» **Task to complete**:
Would you please restate the data exactly as it stands, apart from the pictures?

START Dataset content

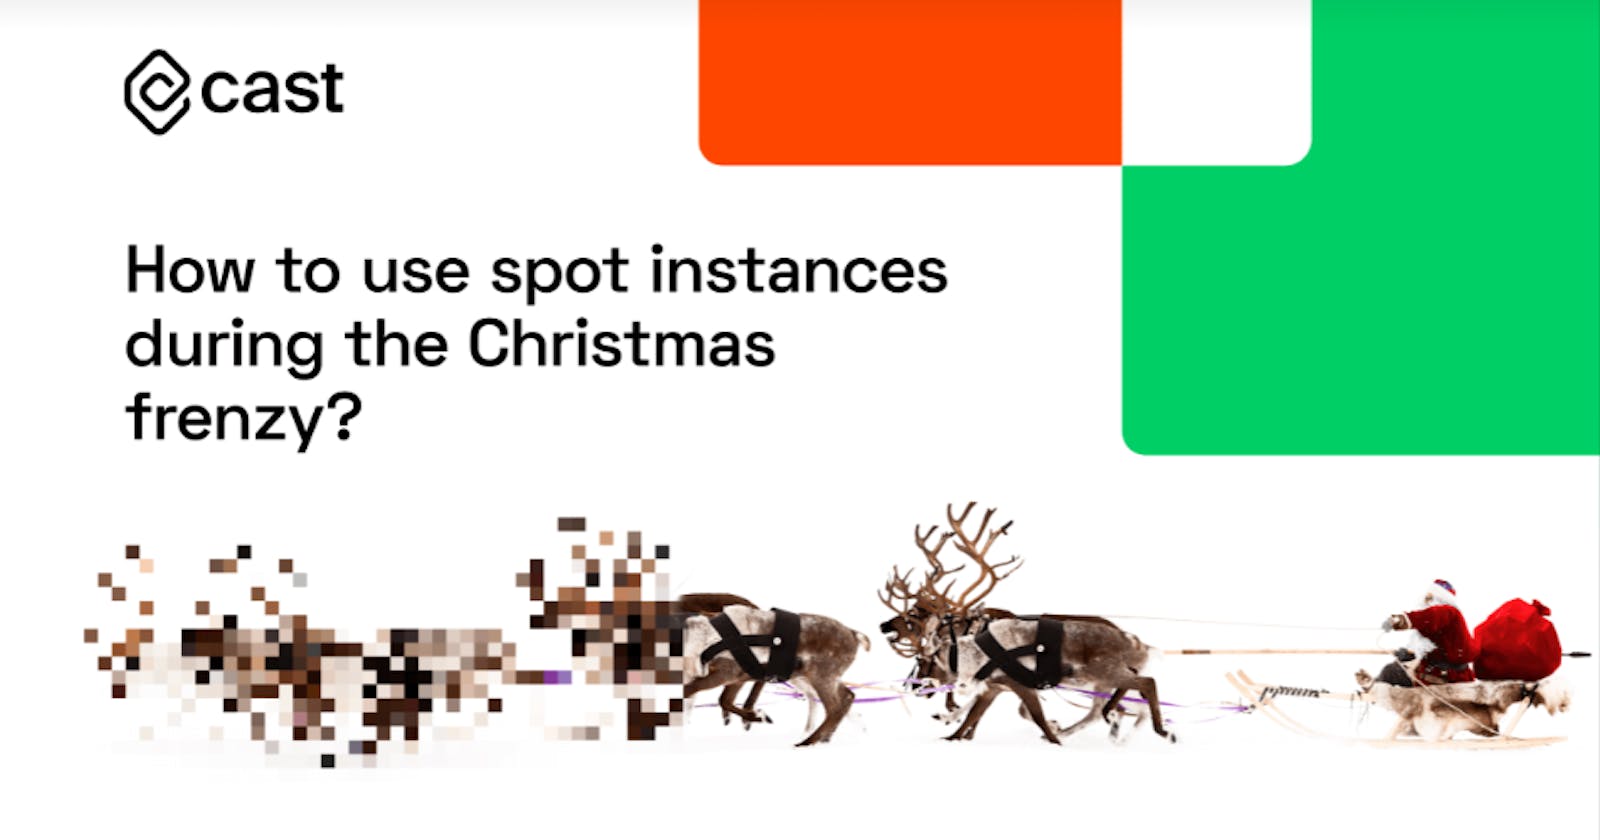 How to use spot instances during the Christmas frenzy?
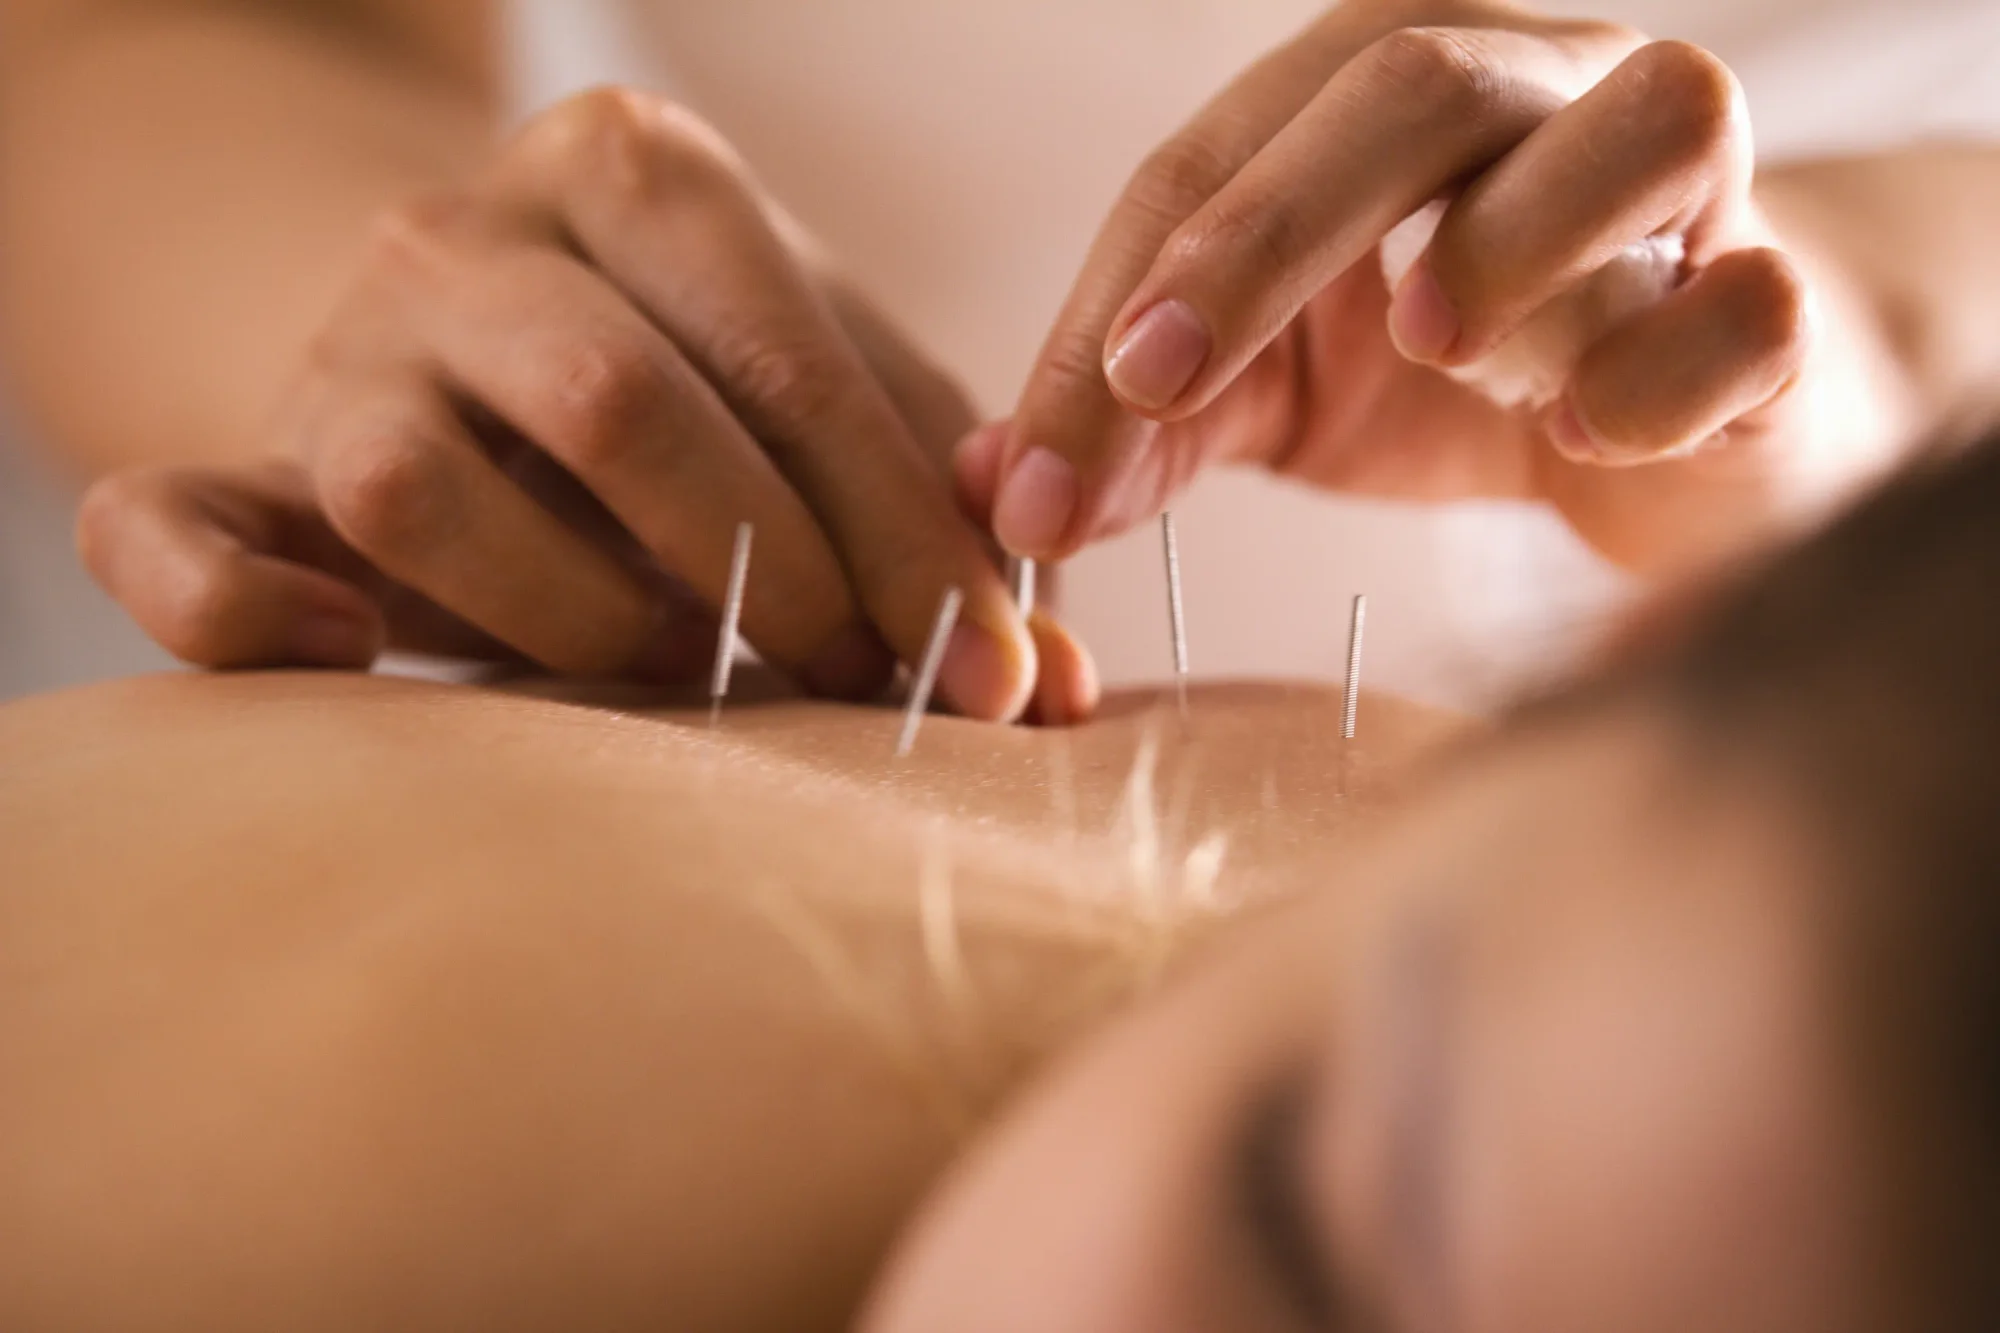 Woman getting acupuncture for neuropathy.
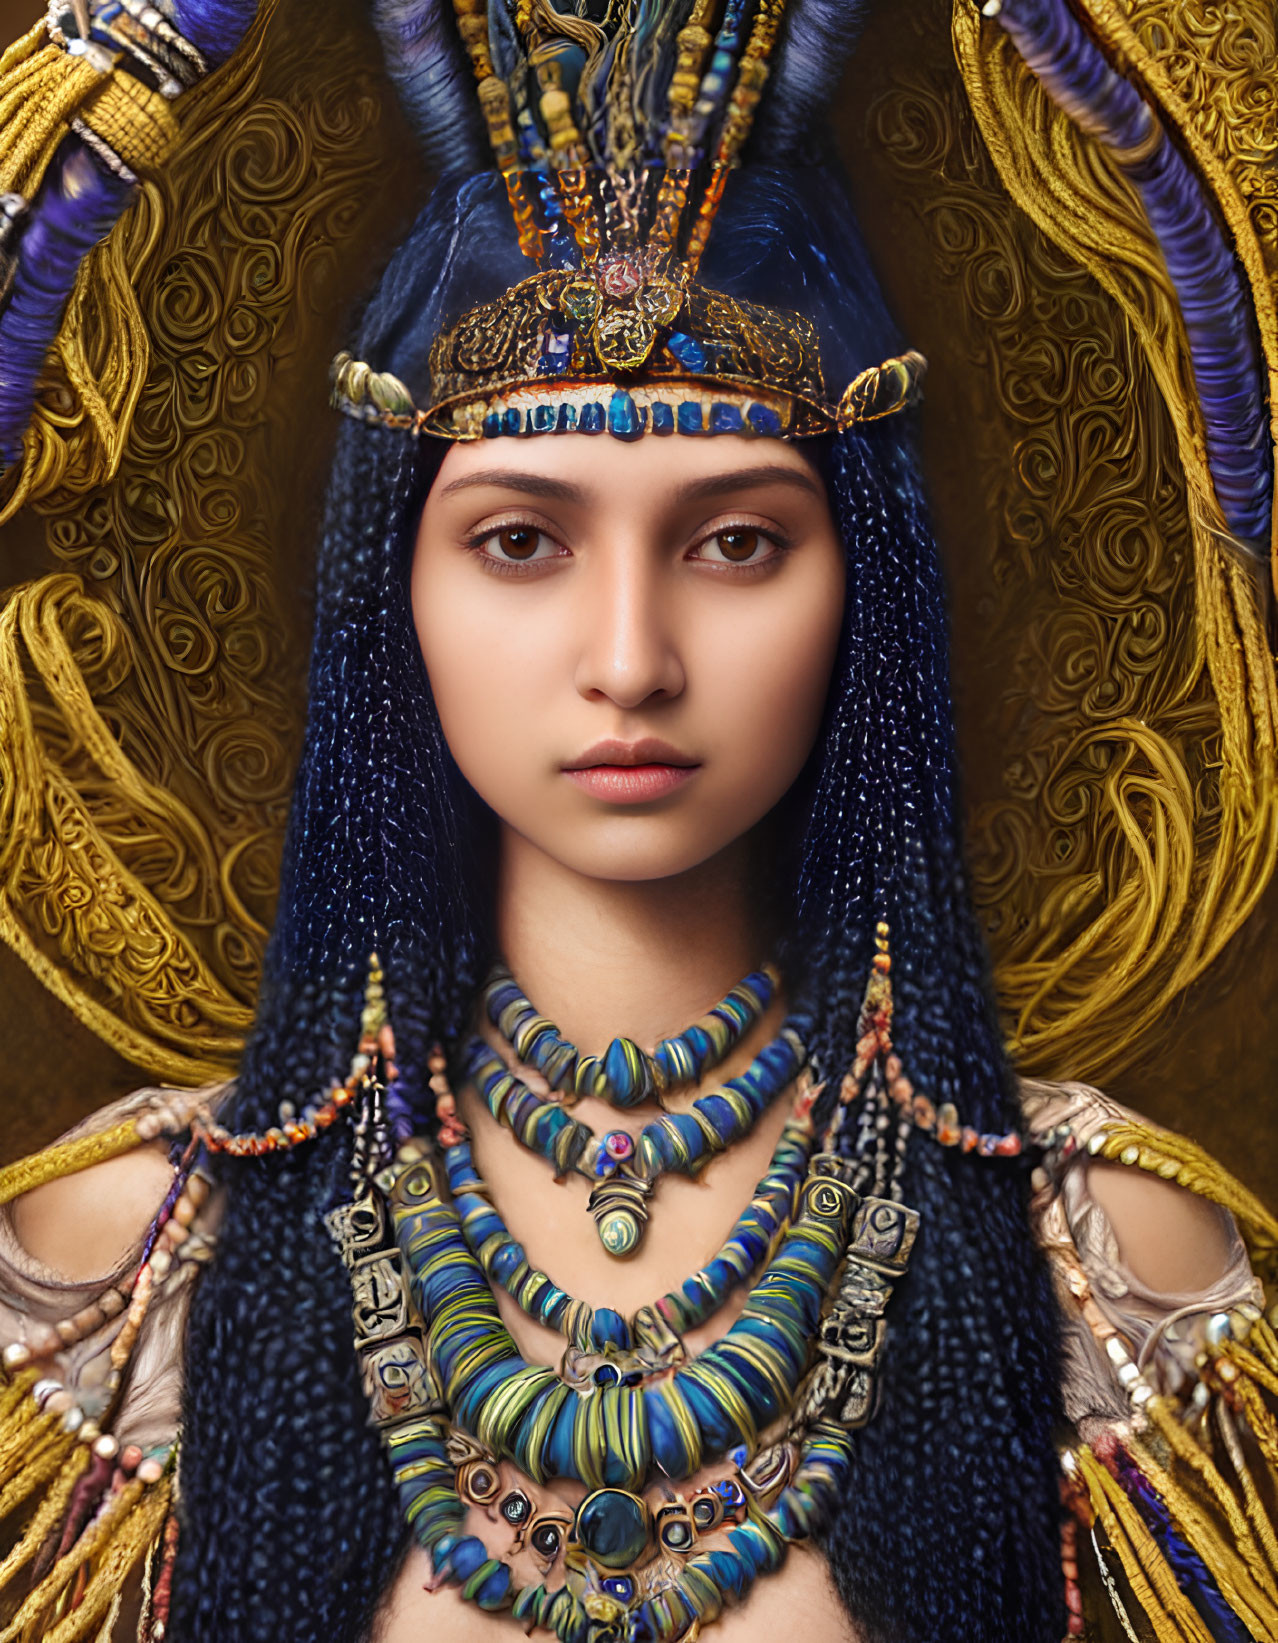 Detailed Egyptian Pharaoh Portrait with Ornate Headdress and Jewelry

END Dataset content

» **Response**:
 How to use spot instances during the Christmas frenzy?
 Woman getting acupuncture for neuropathy.
 Detailed Egyptian Pharaoh Portrait with Ornate Headdress and Jewelry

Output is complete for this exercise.